At this time, I won’t go into the dispute that’s raging between those who feel that the problem won’t be solved by the year 2000 and those who feel the problem is greatly overblown. My own view is that both sides are right in some respects and both are wrong in some respects. But it seems to me from the available evidence that the IRS is the most vulnerable to this problem. They have hundreds of absolutely huge programs that are based on old design concepts. They still have vast numbers of old computers that simply don’t have the memory capacity to run the programs if the programs are fixed. If the IRS were to implement a massive upgrade from their old computers to the newer ones, they would still have an impossible task of converting all of those old programs into the kind of programs that will run on the newer machines. The critical issue is a shortage of the kind of programmers who have in-depth experience with those old programming languages, many of which are no longer
So what will happen if they don’t fix the problem? There will be massive errors and confusion. Some of the computer programs will simply crash - meaning they will freeze up because they don’t have any instructions on how to resolve the problem when the year looks like 00 instead of 2000. Most of the programs will just make false calculations. If you think the IRS computers are screwed up now, it’s a picnic compared to what we will have in January, 2000 and for some time afterward.
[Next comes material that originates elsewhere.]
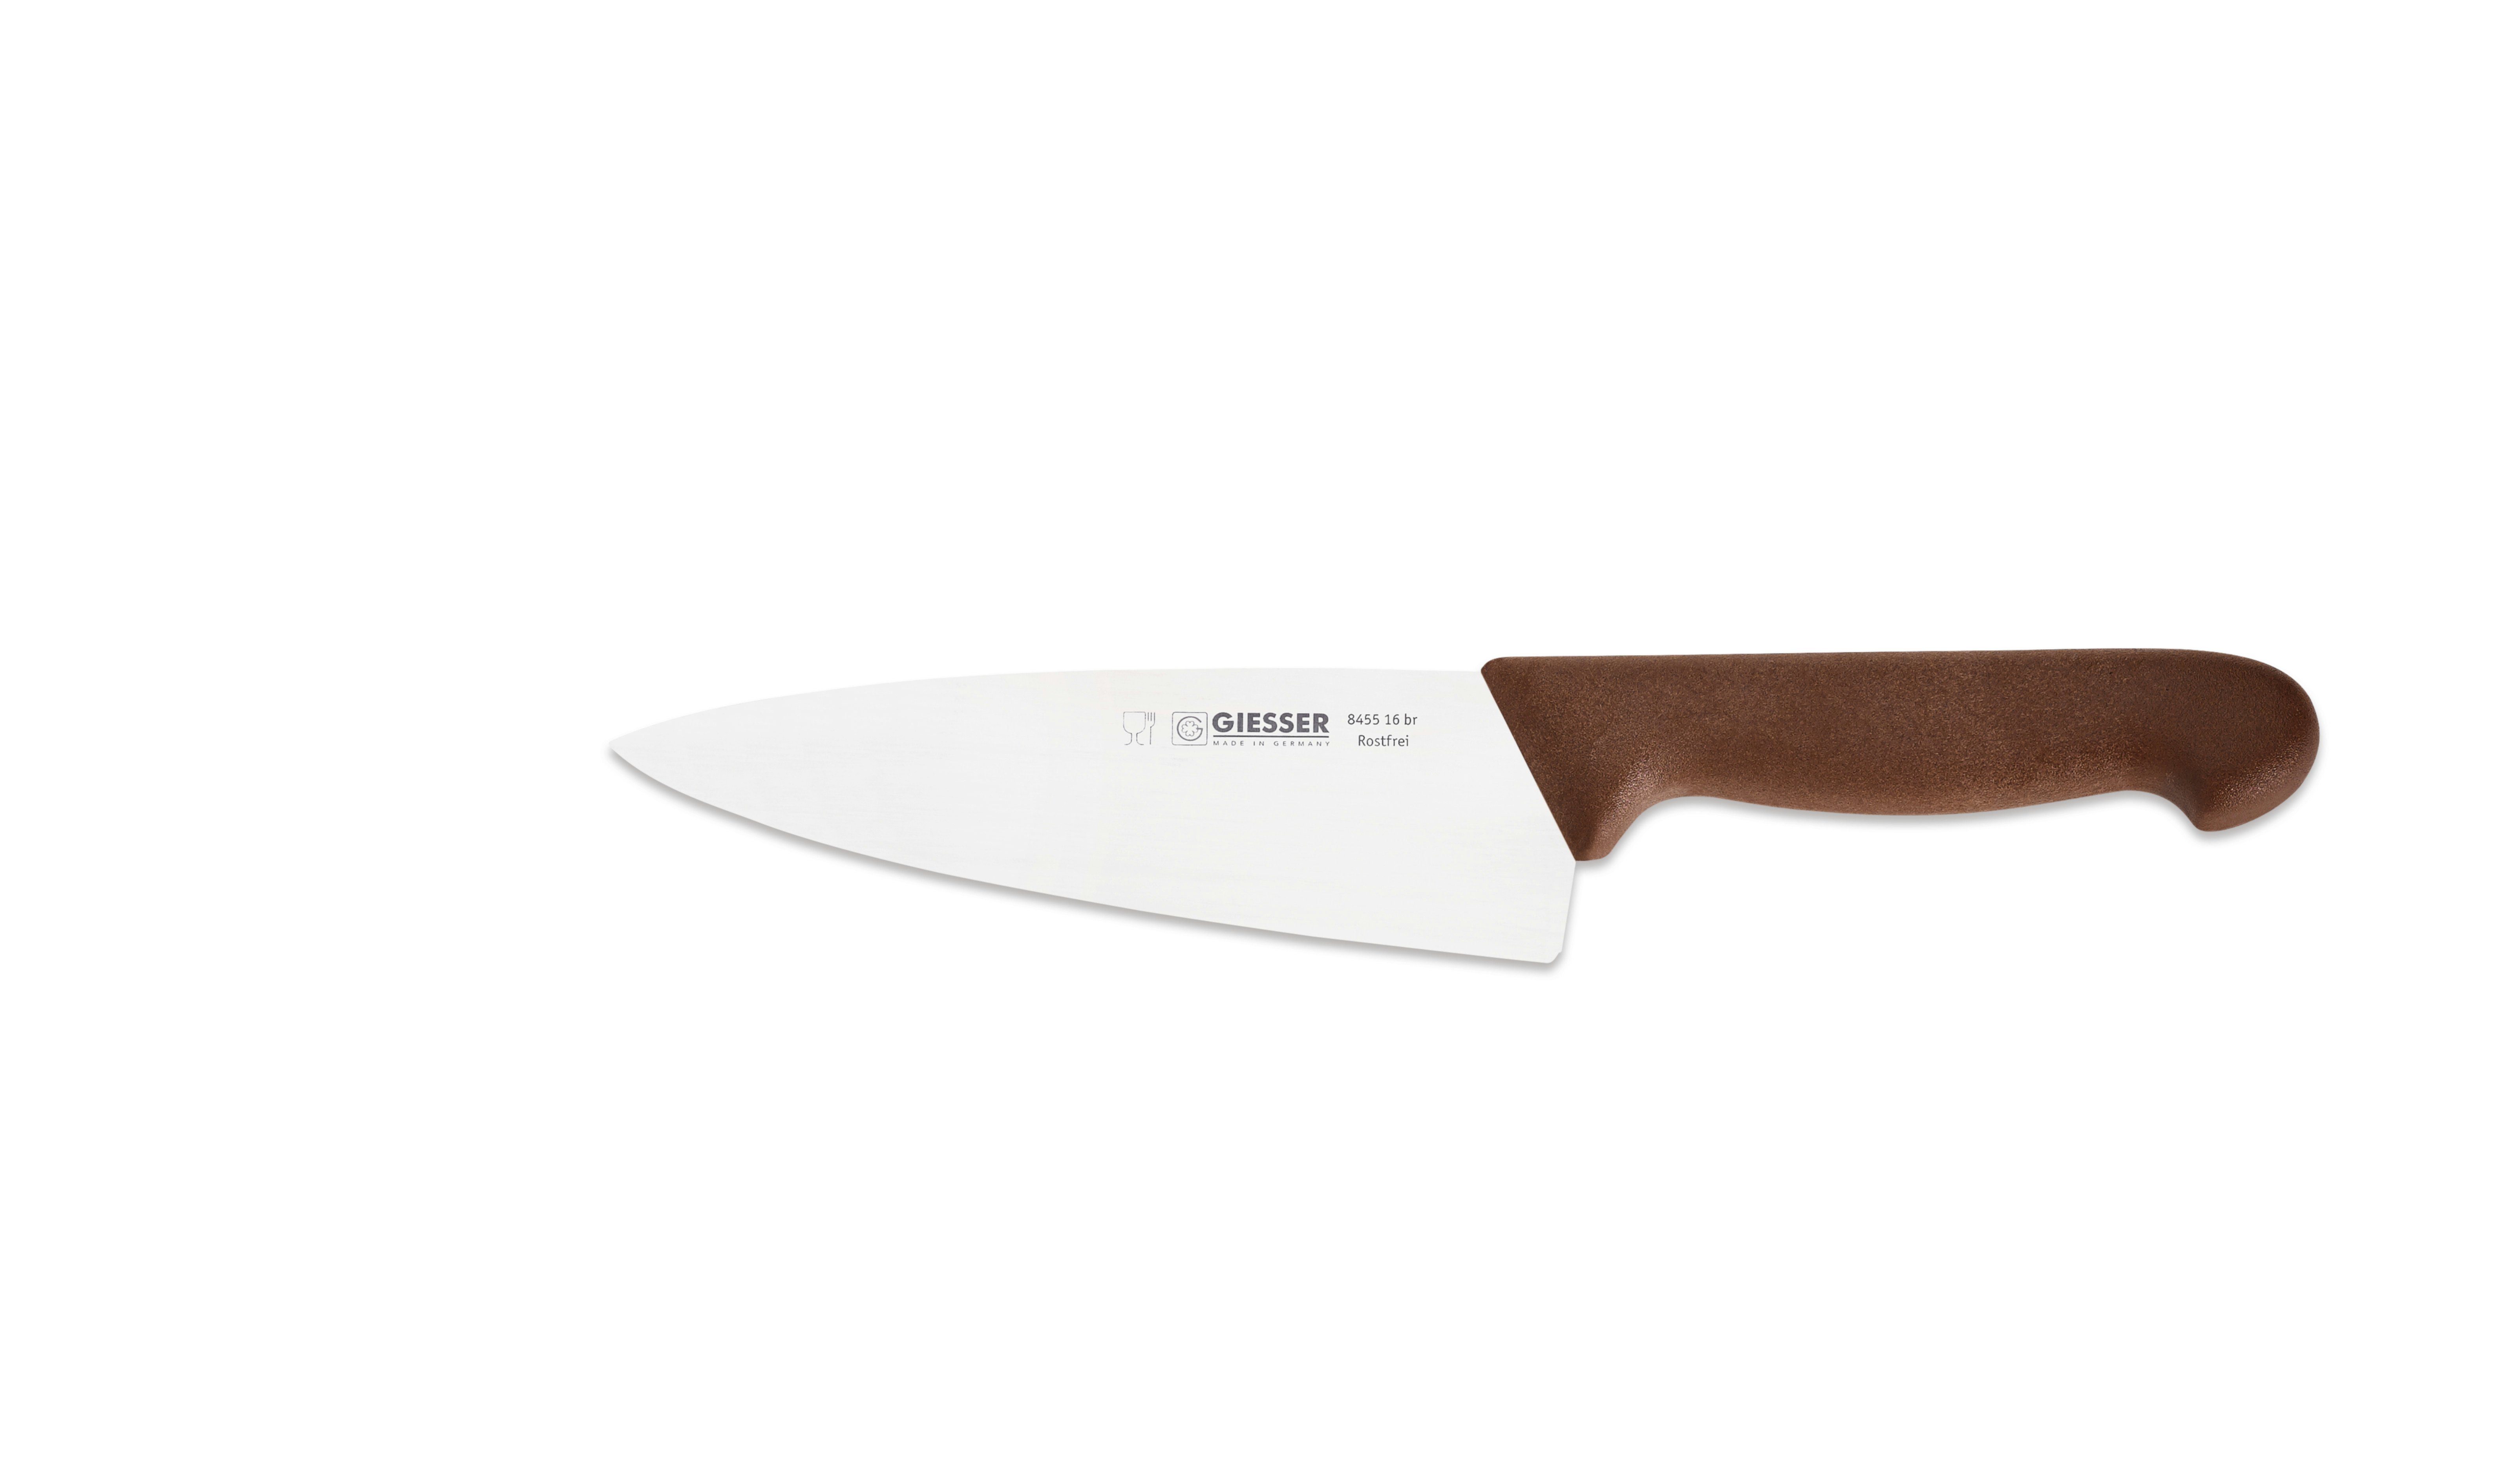 Giesser Messer Kochmesser Form, Rostfrei, jede Küchenmesser Küche breite Handabzug, 8455, Ideal breit braun für scharf

There are some people who might argue that I’ve greatly overstated the case, but there are even more people who will say I’ve greatly understated it. My only effort to offer some justification for my opinion is to point out that I’ve been involved with computers of all sizes since the mid-sixties. For three years, I was the consulting editor for The Journal of Accounting and EDP, which was primarily intended for the financial managers of corporations with large computer systems. I was in the software business for twelve years and I’m presently heavily involved in using the internet. . . .
I’ve heard that the Social Security computer systems and programs are newer and that they have been working on the Y2K problem longer than the IRS, with fewer failures. But how will the SSA pay the benefits if the IRS can’t collect the taxes? And most of the information in the SSA systems come from the IRS.
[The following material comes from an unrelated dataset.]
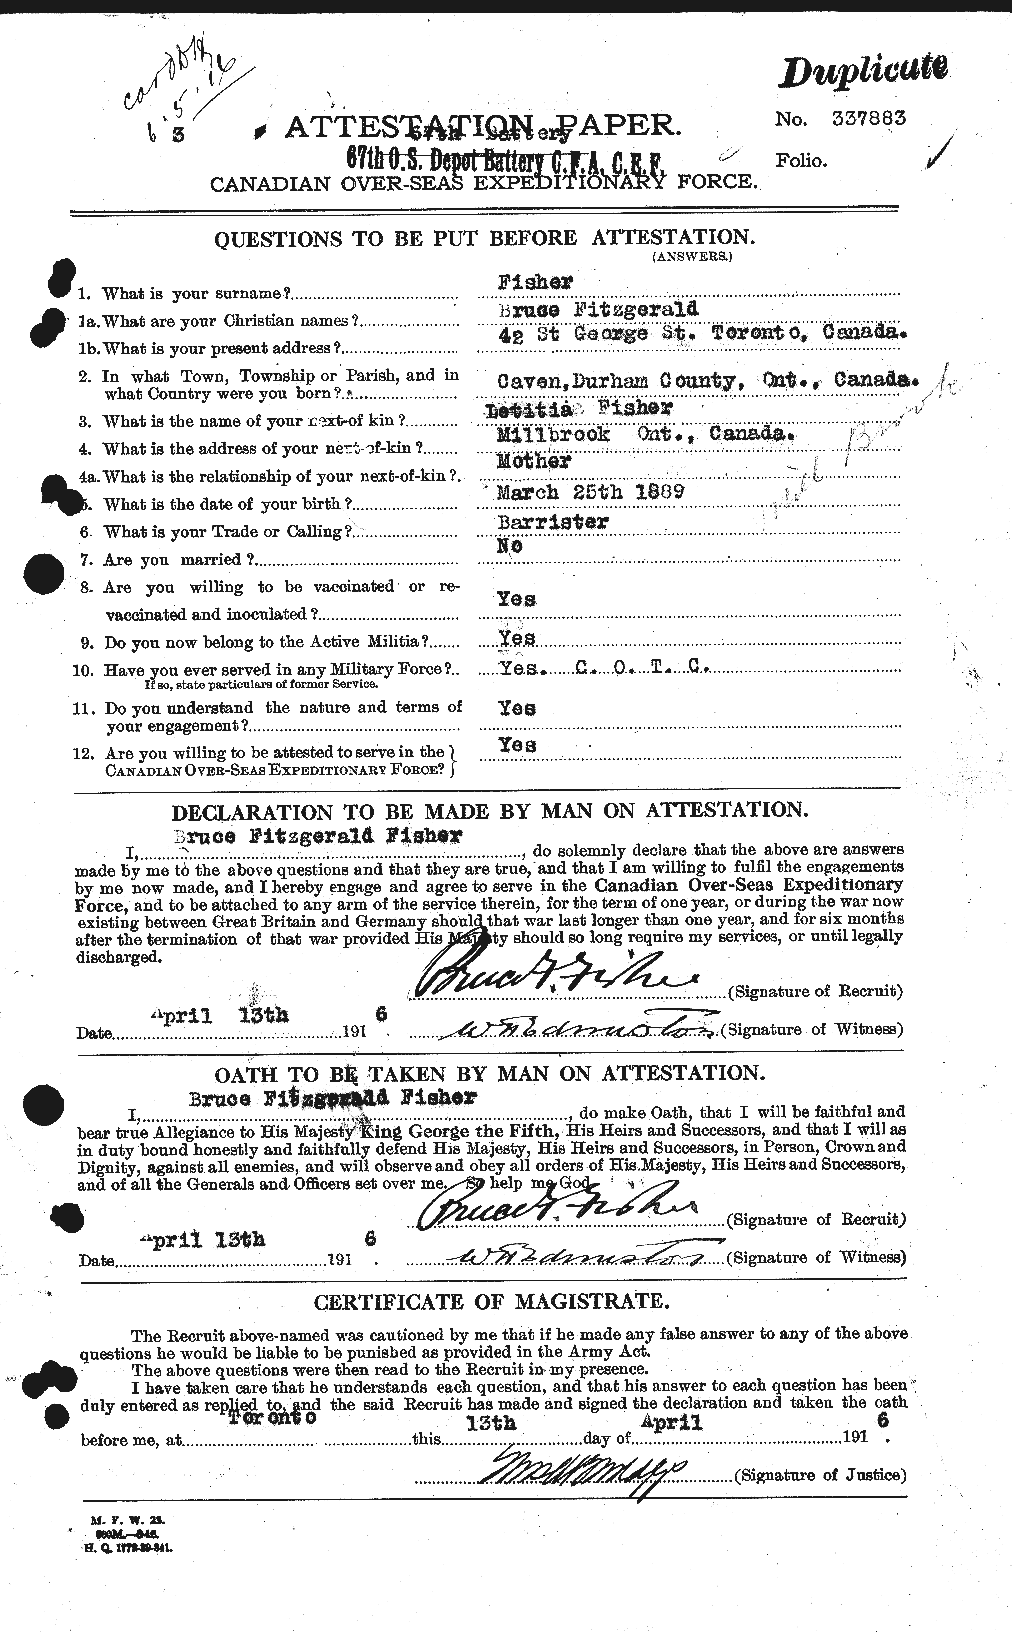 Dossiers du Personnel de la Première Guerre mondiale - CEC 325295a

What do you think will happen then? I can only speculate, but the range of choices is from the extreme of a financial Armageddon to a few years of enormous confusion and constant problems between taxpayers and tax collectors. Good will and voluntary compliance with a fair and sane tax system isn’t going to be an option, as far as I can tell. How will the government react to widespread evasion, an explosive growth in the underground economy and increased expatriation? Will the government resort to more use of forfeitures to get the resources to pay it’s bills? Will they use forfeiture laws to take over the ownership of private industries in the hopes that they can glean some extra cash from direct ownership? Or - will the problem precipitate a real depression as some of the more bearish prognosticators are claiming?
It seems to me that if they get really desperate, they could just scrap the current income tax system and replace it with a very simple national sales tax - at least until the problems get solved. But I also believe that will be a last resort and won’t be done before it’s much too late.